Goto step 2. Repeat until done.
If the initial IDM deployment step includes an HR feed, we strongly recommend to start with that HR feed. It is significant benefit to have authoritative HR data in the midPoint to start with. It is usually easier to correlate other resources to midPoint users later on, if the users were created from a reasonably reliable HR data. Also, it will usually take some tweaking to get the HR import right. The possibility to easily clean up midPoint and get to a clean slate is extremely useful. HOwever, this "wipeout" approach is possible only if the HR feed is the first resource that is connected to midPoint.
A clever reader would notice, that we assumed that the source feed will be taken from a CSV file. This is indeed the case in many deployments. The CSV file is usually produced as an automatic scheduled export of HR system data, running every night. If a new employee or contractor is about to join the company, there is usually no hurry. This information is entered into the HR system at least a few days in advance, therefore daily CSV export is perfectly acceptable. However, there may be cases when we want a faster response. Maybe we do not even want additional burden of dealing with CSV exports. Of course, there is a solution. In theory, any connector can be used for source resource. There are specialized connectors that are taking data directly from the HR system. For example, there is a connector for Oracle HCM system. Unfortunately, there is no connector that can take data from SAP HR system yet.
Synchronization and Provisioning
Synchronization and provisioning are intimately related. Everything that we have explained about provisioning in the previous chapter also applies to synchronization. In fact, provisioning and synchronization are just applications of the same basic mechanisms. Provisioning starts with modification of a user. Synchronization starts a bit earlier: inbound mappings are used to map values from source system to the user. The result of inbound mapping evaluation is modification of the user object. According to midPoint principles, it does not matter how the user was modified. The reaction is the same: accounts are provisioned, modified or deleted.
The synchronization (inbound processing) and provisioning (outbound processing) usually happen in one seamless operation. For example, the HR connector detects update in the last name of an employee. That modification is applied to midPoint user, therefore the family name of midPoint user is updated. The operation continues by evaluating all templates, roles and outbound mappings. The outbound mappings usually map the family name change to the resource attributes. Therefore, the resource accounts linked to the user are immediately updated. All of that happens in a single operation. That is how midPoint works. MidPoint is not a human. It will never procrastinate (unless explicitly instructed do to so). MidPoint will not postpone the operation for later if the operation can be executed immediately. MidPoint tries to get the data right on the first try. Therefore, there are no specialized propagation or provisioning tasks that you might know from older IDM systems. MidPoint does not need them.

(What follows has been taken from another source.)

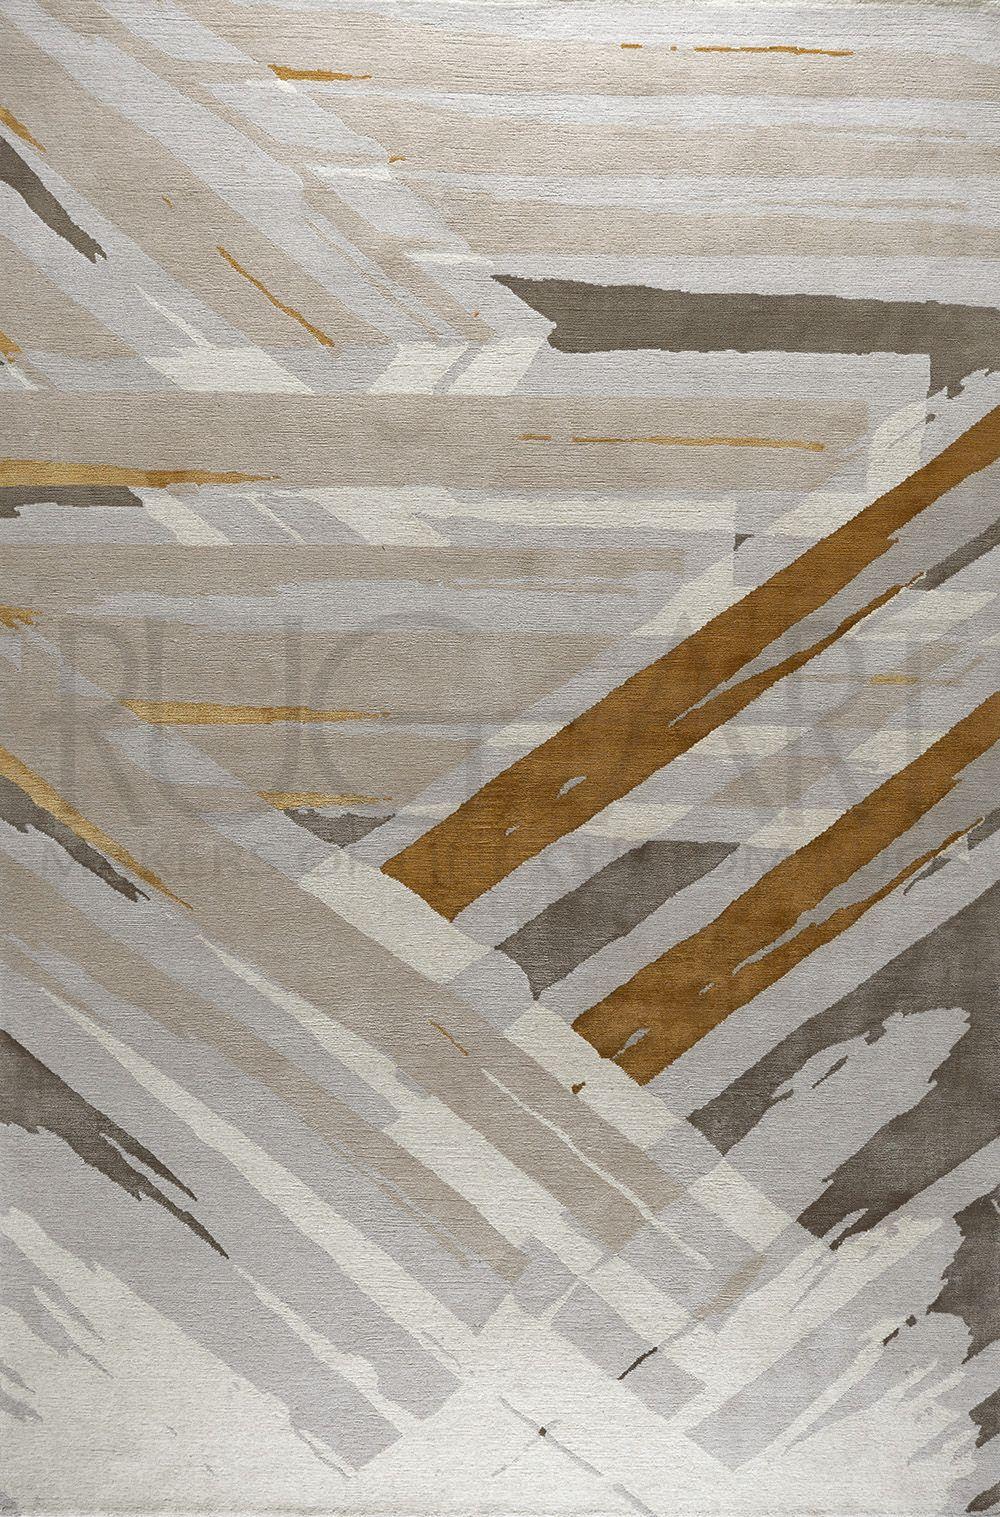 modern carpet design i.pinimg.com/originals/38/a1/a1/38a1a10f263e5f0631... LYGFEFQ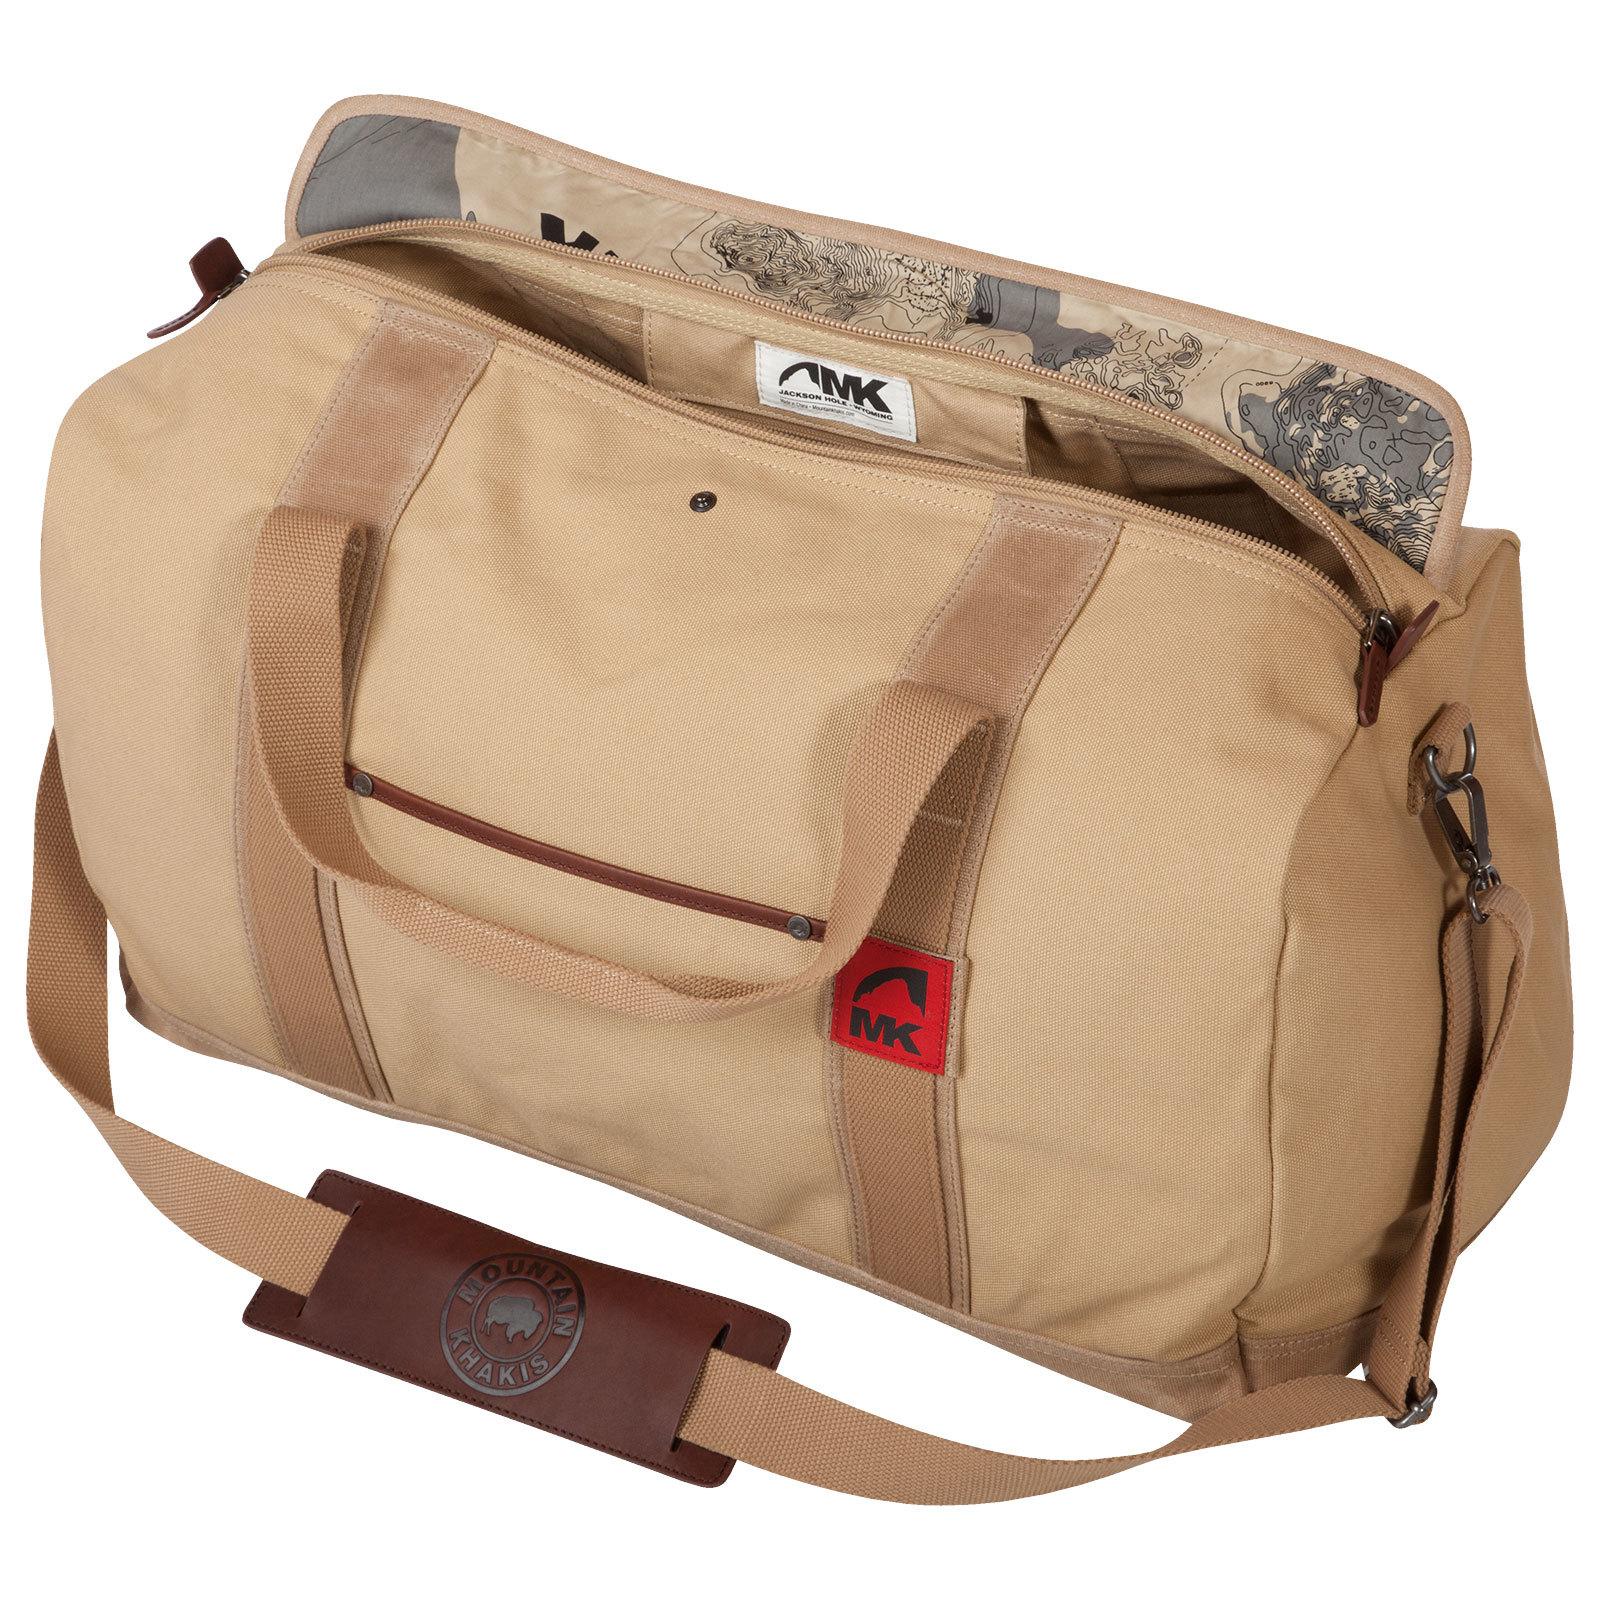 7f5da995eed8 Small Outdoor Canvas Duffle Bag - Mountain Khakis

There are other advantages in doing everything in one operation. It is all one operation, therefore midPoint knows all the details: what was the cause, what is the effect, what exactly has been changed. Such context is extremely important for troubleshooting. Some IDM systems decouple the cause from the effect. Such a divided approach may have its advantages, but it is an absolute nightmare when an engineer needs to figure out why a certain effect happened. For that reason, midPoint has both the cause and the effects bundled together in a single operation. Therefore, it is much easier to figure out what is going on. Having the cause and effect connected in one operation makes it possible to neatly record entire operation in the audit trail. Then there is another huge advantage: midPoint knows exactly what has been changed. This means that midPoint does not only know the new value of a property. MidPoint also knows the old value and values that were added or removed. This is a complete description of the change that we call a delta. This is recorded at the beginning of the operation, and propagated all the way until the operation is done. Therefore the mappings can be smart. This approach enables a lot of interesting behavioral patterns. For example, it is quite easy for midPoint to implement the "last change wins" policy. In this case midPoint will simply overwrite only those attributes that are really changed in operation. MidPoint can leave other values untouched. In fact, this is the default behavior of midPoint. It is a very useful behavior during deployment of a new IDM system.
Careful processing of the operations allows configurations that are not feasible with older IDM systems, e.g. a resource that is both a source and a target. In fact a lot of IDM systems can have resource that is both a source and a target - as long as it is a source for one attribute and a target for another attribute. However, midPoint can live with a resource where the same attribute is both a source and a target. In fact there may be many sources and many targets for the same property at the same time. This is a very useful configuration, indeed. Just think about telephone number property. It is usually something that the user sets up himself. This may be set up by some kind of specialized self-service, it may be updated by a call center call, the user may update that in his Active Directory profile … there are many ways how this information is changed. Yet, we want this property to be consistent. We want telephone number to be the same everywhere. We do not care where it was changed. We just want to propagate the last change from anywhere to all the other systems. MidPoint can easily do this. Just specify both inbound and outbound mappings for the same attribute:
<attribute>
<ref>ri:mobile</ref>
<outbound>
<source>
<path>$focus/telephoneNumber</path>
</source>
</outbound>
<inbound>
<target>
<path>$focus/telephoneNumber</path>
</target>
</inbound>
</attribute>
In this case the change in user property telephoneNumber
will be propagated to the account attribute mobile
(outbound change).
But also a change in the account attribute mobile
will be propagated back to user property telephoneNumber
(inbound change).
Last change wins.
A clever reader certainly grumbles something about infinite loops now. No need to not worry here. MidPoint can see complete operation context, both inbound and outbound sides. Therefore, midPoint knows when to stop processing the operation. There are even mechanism how to avoid loops caused by connectors detecting changes caused by the connector itself. MidPoint will break those loops automatically.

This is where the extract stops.